Would you print the data below exactly, leaving out every picture?

**The data**
-------------------------

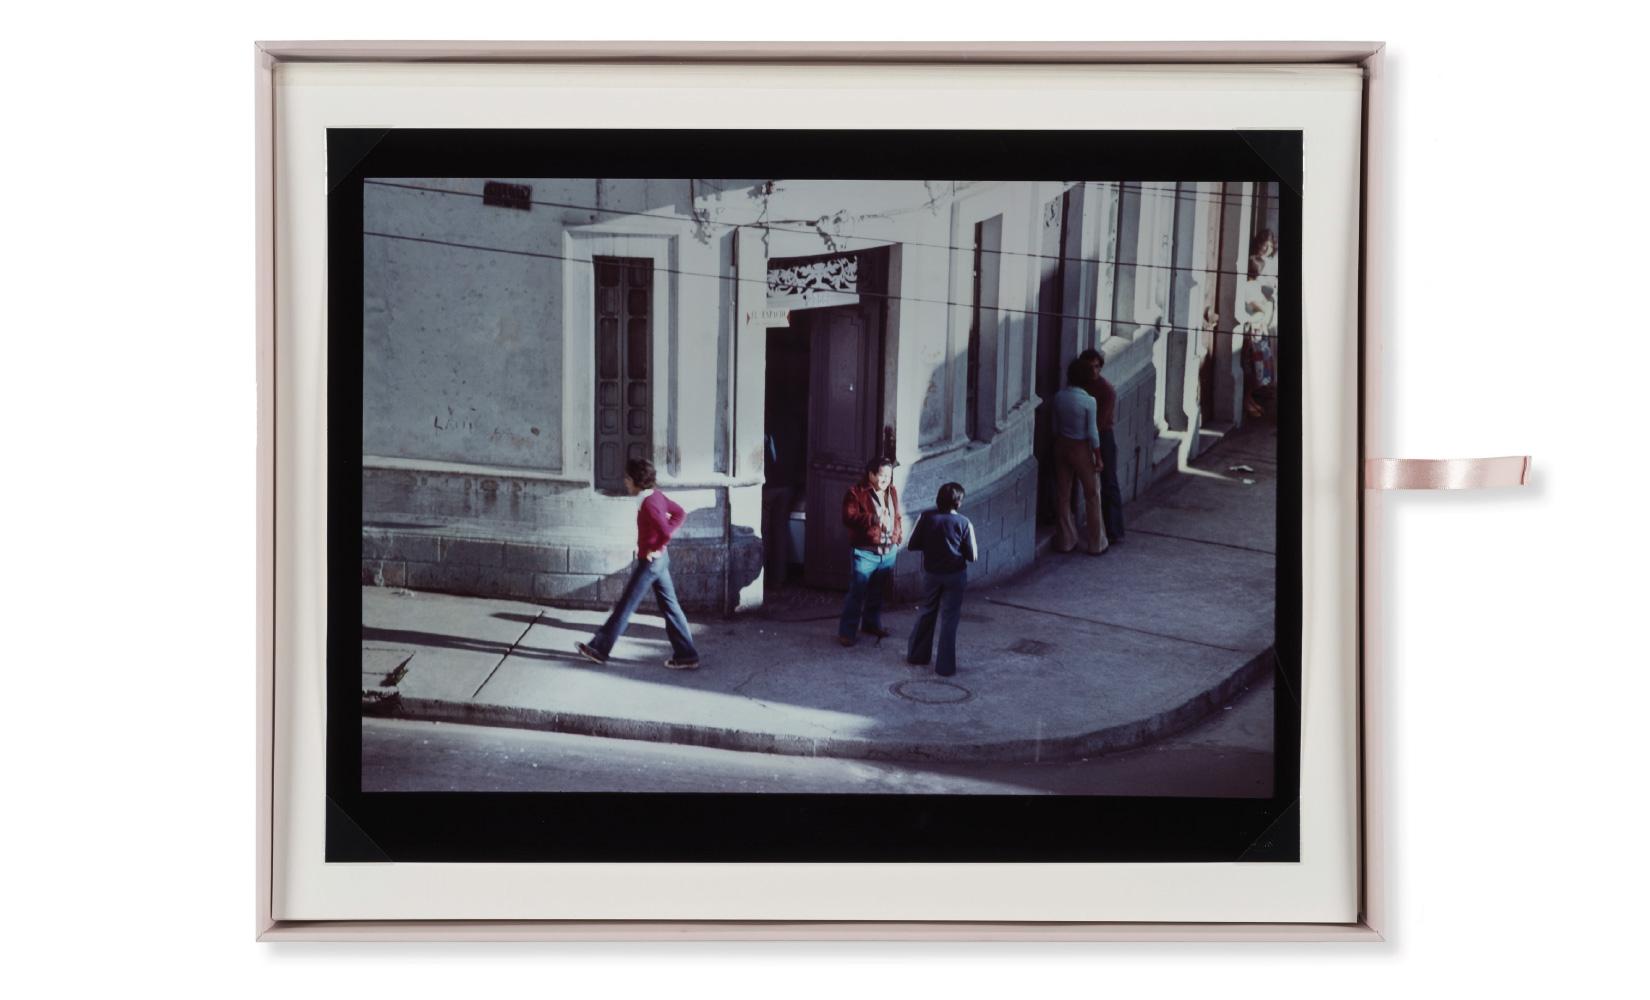 esquina-rose-rojas-toluca-studio-olivier-andreotti-08.jpg
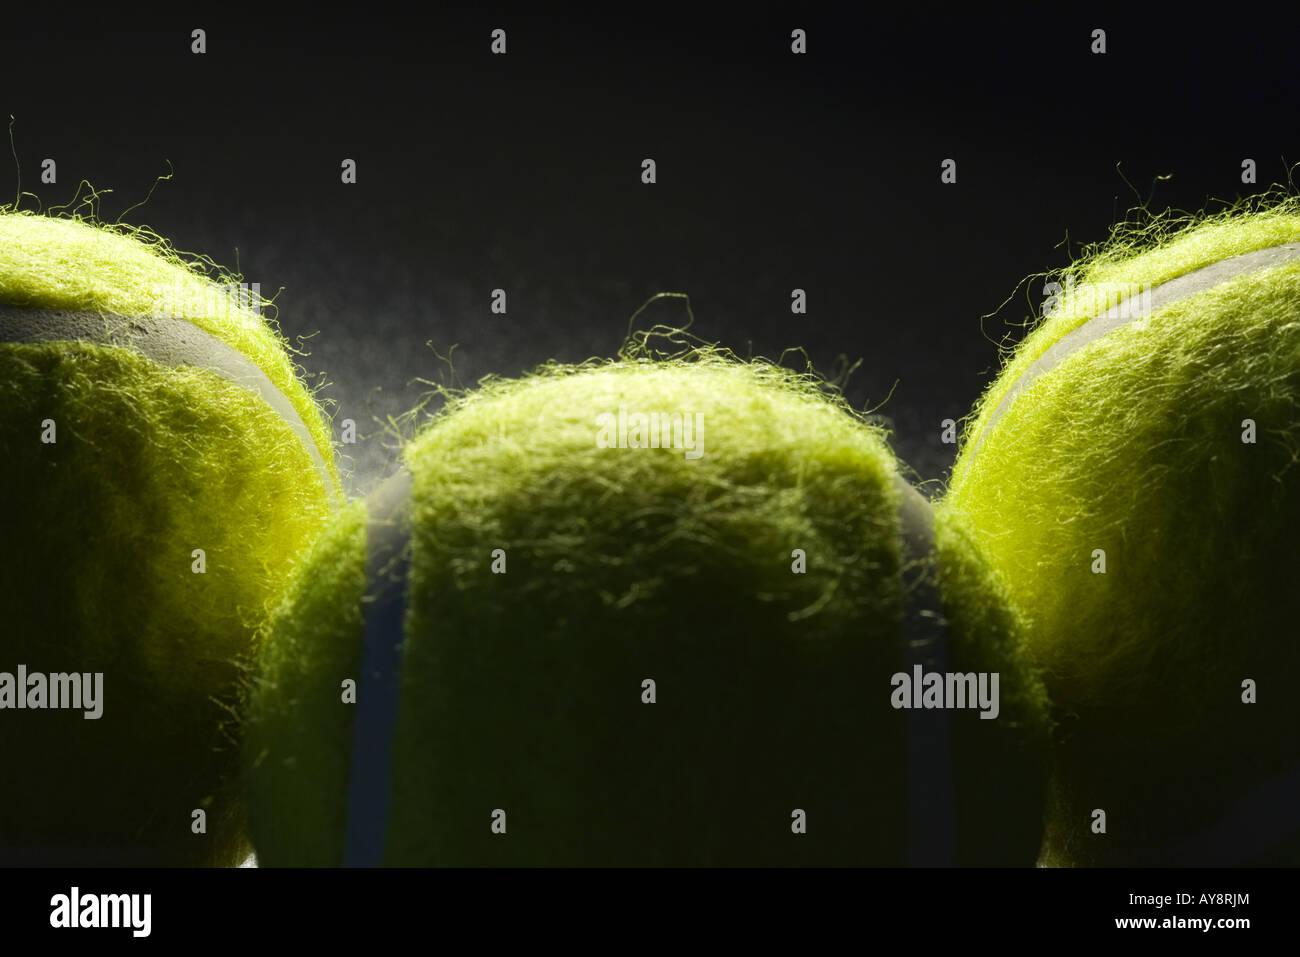 Tennisbälle, extreme Nahaufnahme Stockbild
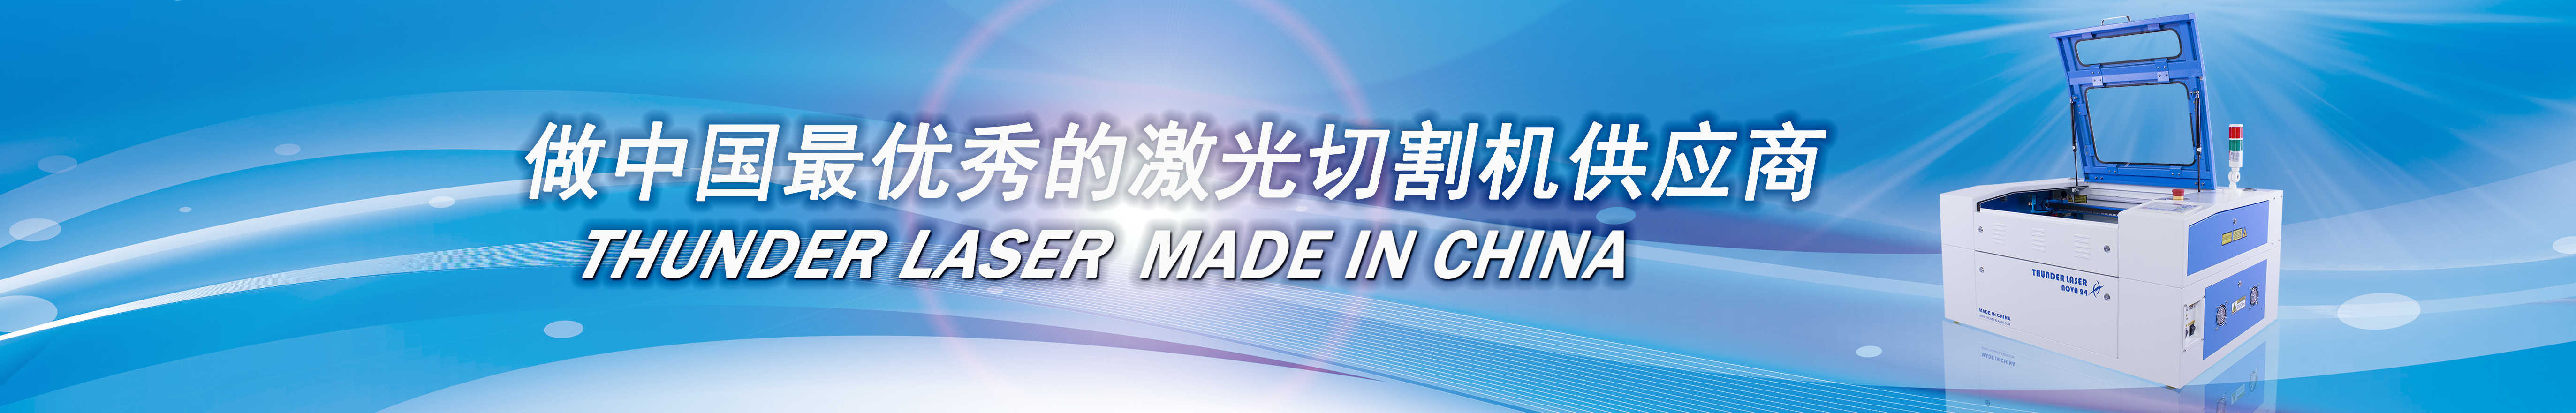 雷宇激光科技 banner
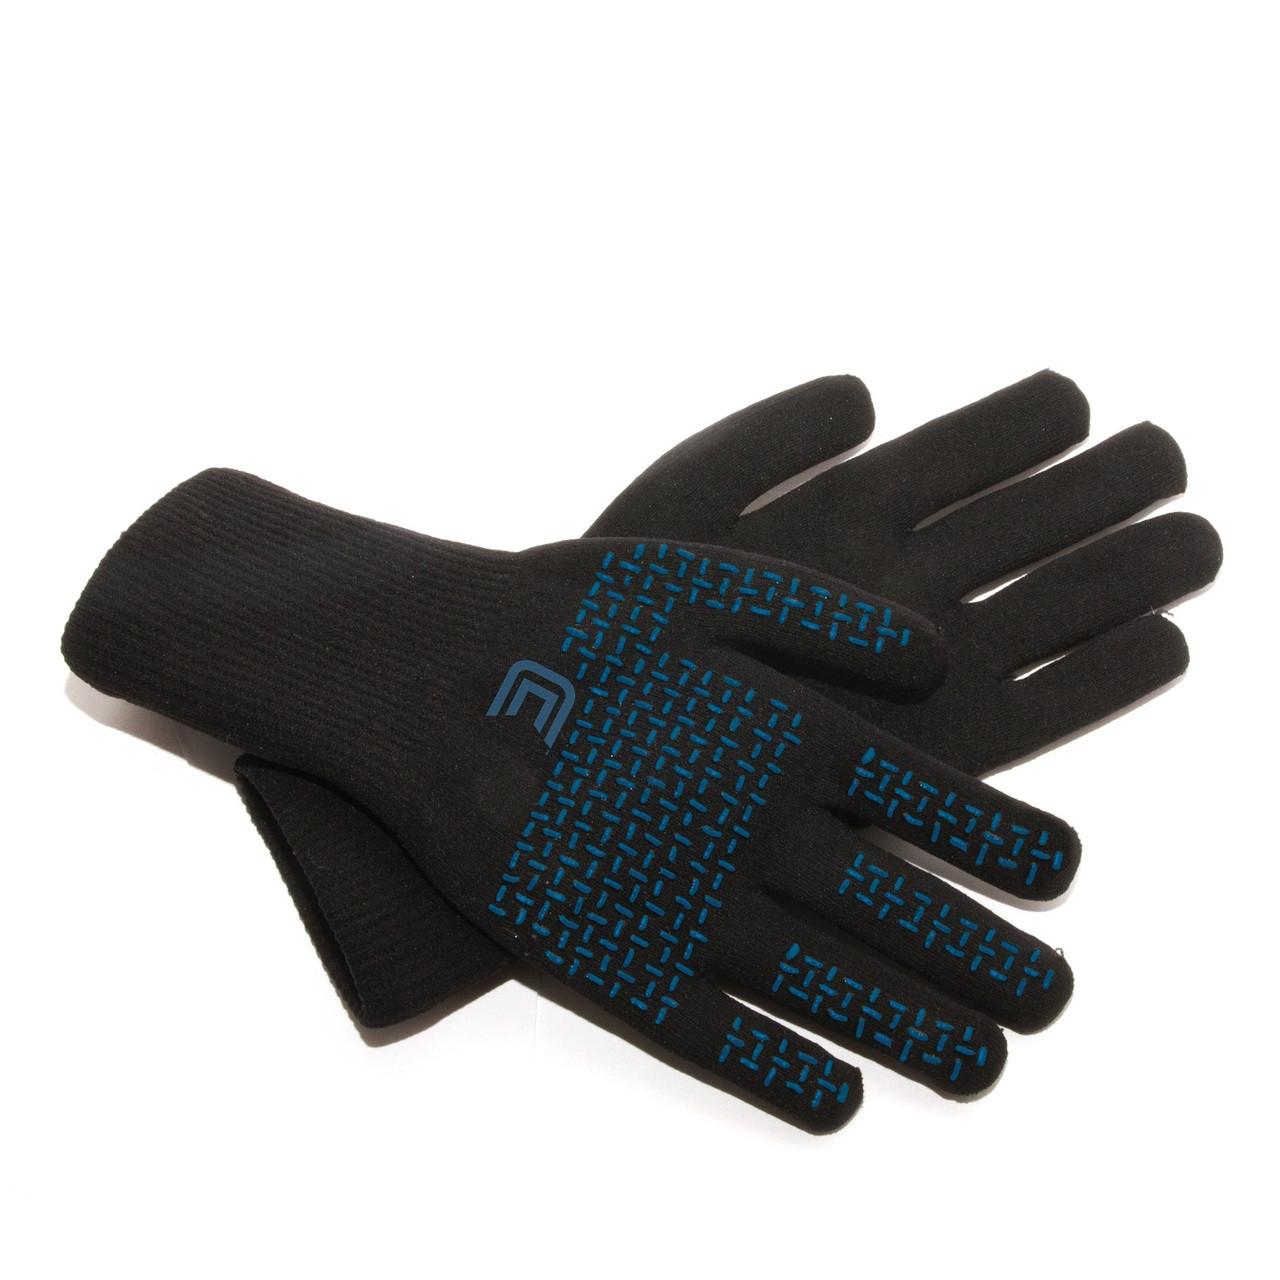 Clam Outdoors IceArmor DrySkinz Ice Fishing Gloves

-------------------------

**Problem solution**
 esquina-rose-rojas-toluca-studio-olivier-andreotti-08.jpg
 Tennisbälle, extreme Nahaufnahme Stockbild
 雷宇激光科技 banner
 Clam Outdoors IceArmor DrySkinz Ice Fishing Gloves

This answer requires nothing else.